The dollar tumbled and benchmark US Treasury yields touched multi-week lows yesterday as an unexpectedly weak government reading of American labor costs dulled prospects for higher US interest rates.

Wall Street stock prices rose, also taking a cue from the Employment Cost Index data showing the smallest quarterly increase in 33 years.

Oil prices declined for a second day on growing worries about global oversupply.

The dollar index declined 0.7 per cent, with the basket of major currencies heavily weighed down by a 1 per cent jump in the euro to $1.1036. The index, which has been rising steadily, earlier touched a near one-week high.

Treasuries prices rallied, with yields on benchmark 10-year Treasury notes falling to a three-week low of 2.2550 per cent with the price rising by 1732 of a point.

The 30-year Treasury bond yield fell to a fresh two-month low of 2.9040 per cent from a yield of 2.9390 per cent prior to the data. The price was last up 2932 of a point.

The Employment Cost Index, which is the broadest measure of labor costs, rose just 0.2 per cent last quarter, the US Labor Department reported. Economists had forecast a 0.6 per cent rise in the report, which follows a GDP report widely seen as allowing the Federal Reserve to hike rates beginning as early as September.

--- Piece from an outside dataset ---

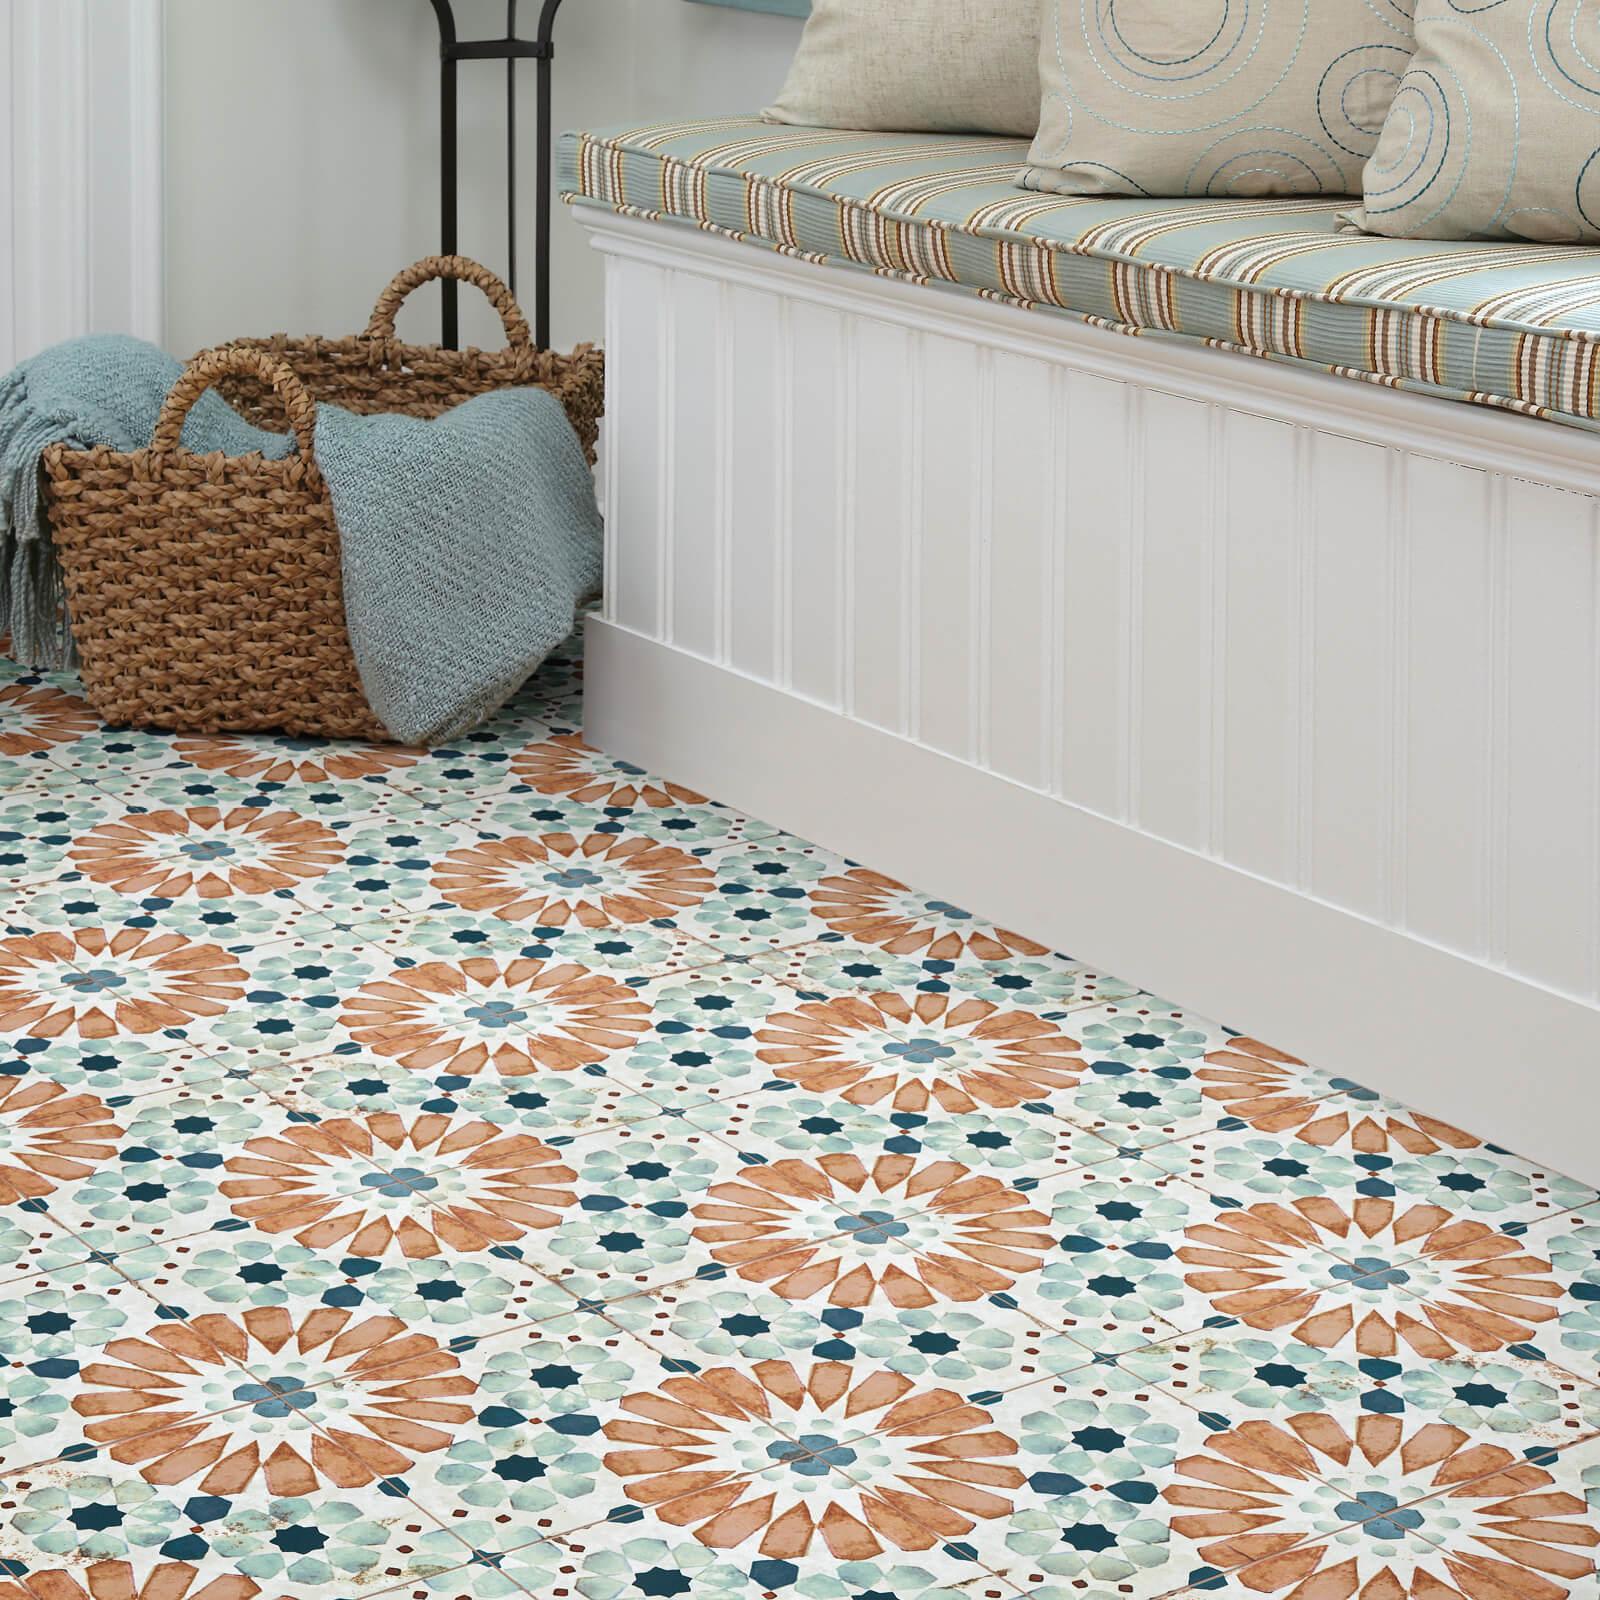 Islander Deco Tile | Terry's Floor Fashions

The magnitude of the miss was definitely a bit of a surprise, especially as people were really gearing up for a September (rate) hike. This definitely puts a lower probability on that, said Stanley Sun, interest rate strategist at Nomura Securities International in New York.

Wall Street’s Dow Jones industrial average rose 3.14 points, or 0.02 per cent, to 17,749.12, the S&P 500 gained 3.44 points, or 0.16 per cent, to 2,112.07 and the Nasdaq Composite added 22.40 points, or 0.44 per cent, to 5,151.18.

European shares fell slightly with commodity stocks leading the market lower, but remained on track for a 4-per cent monthly rise with worries receding about Greece’s membership of the euro area.

China’s CSI300 index ended flat after a late dip to leave it down 14.7 per cent on the month.

The Shanghai Composite Index lost one per cent, extending its July losses to 13.4 per cent despite recent support measures by the country’s authorities.

China’s securities regulator said on Friday it was investigating the impact of automated trading on the market and had clamped down on 24 trading accounts found to have abnormal bids for shares or bid cancellations.

Crude oil also slipped for a second session as concern over global oversupply intensified after the head of the Opec oil exporters’ cartel indicated there would be no cutback in production.

Brent crude oil was down 50 cents at $52.81 a barrel. US light crude oil was down 75 cents at $47.81 a barrel.